William A. Sokolowski says he bought shares in Las Vegas Sands in February 2012, and that since then decisions largely made by Adelson and current and former board members have violated fiduciary duties to shareholders.
Sokolowski wants the court to take control of the company and shareholders reimbursed for losses.
The 78-page complaint accuses Adelson of “operating the company in an illegal manner, including knowingly violating and thereafter covering up of, inter alia, various provisions of the Foreign Corrupt Practices Act, the Bank Secrecy Act, the Securities and Exchange Act of 1934, and the Sarbanes-Oxley Act.”
Sokolowski says Sands board members have done nothing to “implement appropriate controls to prevent hundreds of millions of dollars from being paid out without appropriate documentation or authorization, acquiescing in money laundering at the company’s casinos in violation of the Bank Secrecy Act and by wasting corporate assets in a personal vendetta against his former colleague, Steven C. Jacobs, the former president of Sands China, who has just settled a lawsuit in this court.”

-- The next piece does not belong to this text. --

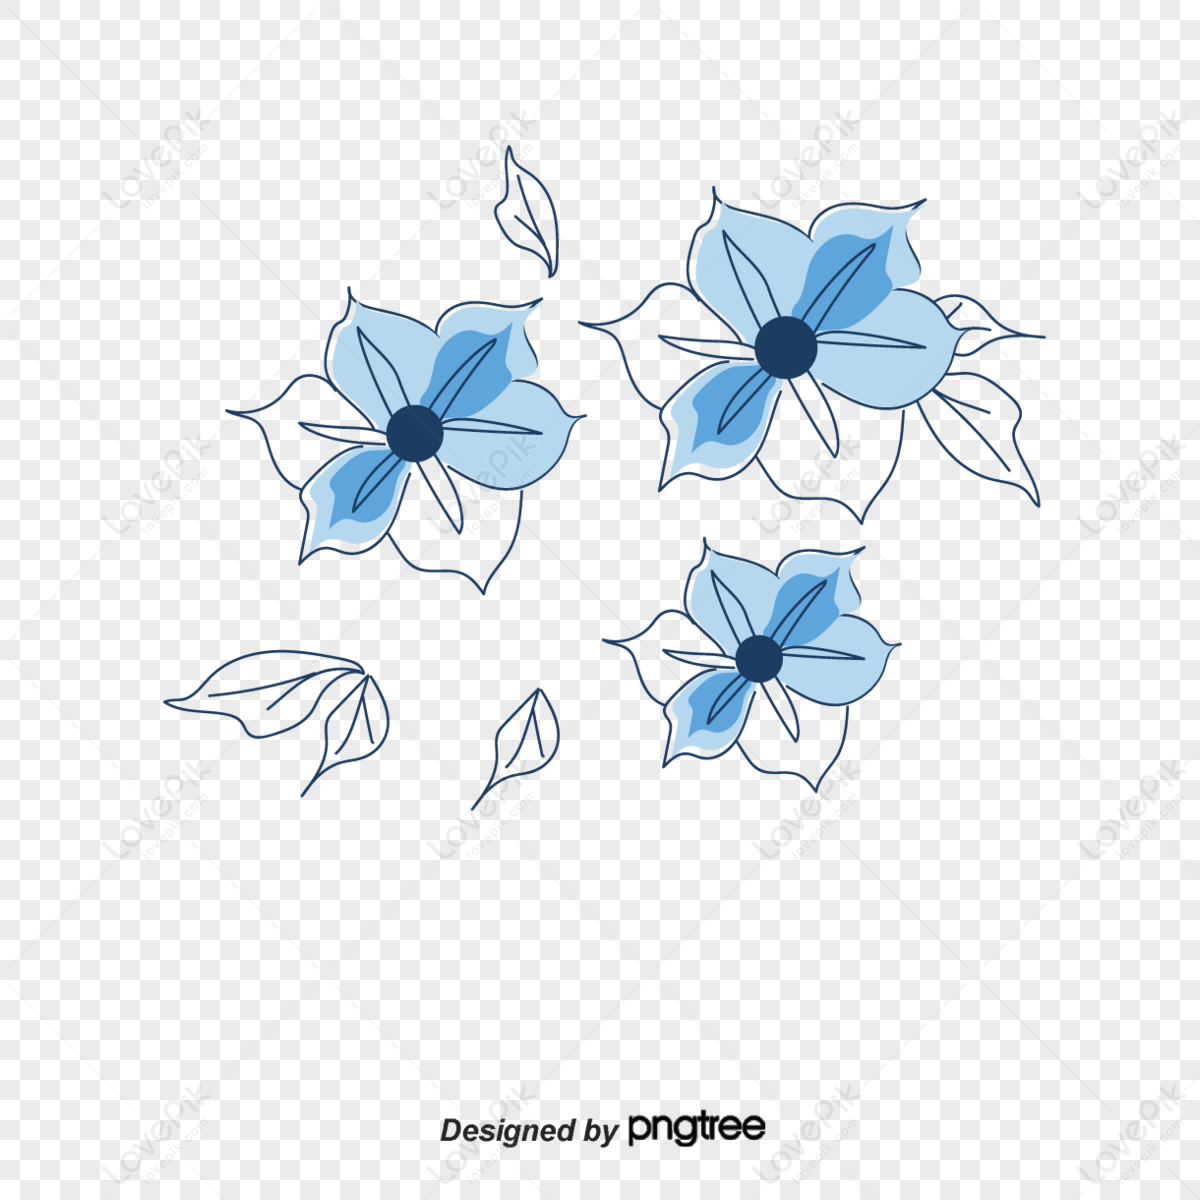 Blue Tribal Flower by LittleMissSquish on DeviantArt

Breaches of fiduciary duty include putting loyalty to Adelson above loyalty to the company and its shareholders; wasting corporate assets in “overly aggressive and improper litigation;” and giving Adelson free rein in Macau, where Sokolowski says evidence indicates Adelson “concealed ties to Chinese organized crime and ordered bribery and blackmail of government officials.”
Sokolowski also claims Adelson and his board acquiesced to money laundering, which they tacitly admitted by agreeing to pay $75 million settle with the Department of Justice.

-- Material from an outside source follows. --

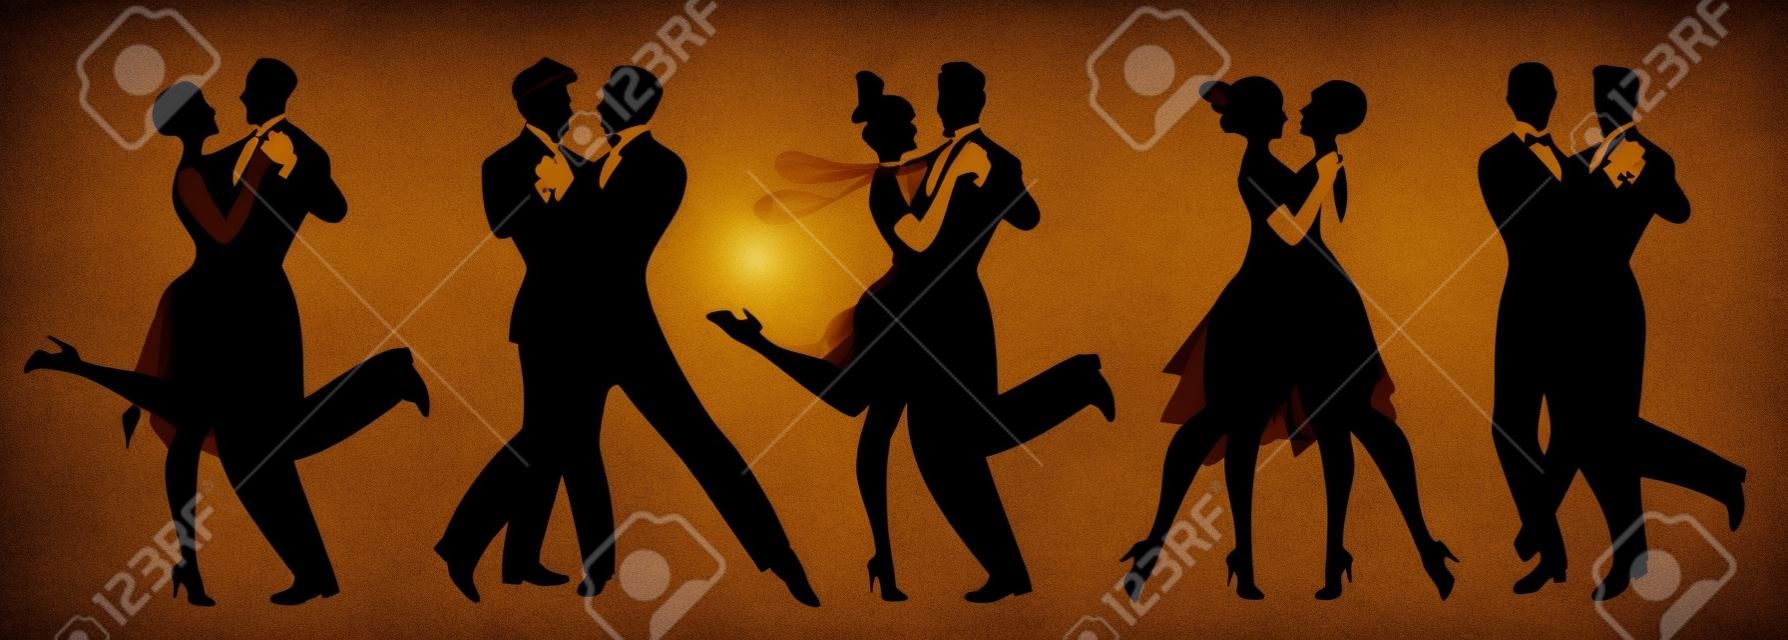 Silhouettes van vijf koppels die kleding dragen in de stijl van de jaren twintig dansende retro muziek

He says a proposed casino development in Spain was scrapped because Adelson demanded that the country relax its money laundering laws, and that board members turned a blind eye when the company provided prostitutes for high-rollers and took other unethical and unlawful actions, including disseminating false information.
He accuses Adelson et al. of breach of fiduciary duty, waste of corporate assets, unjust enrichment, breach of contract, breach of loyalty and breach of duty of candor.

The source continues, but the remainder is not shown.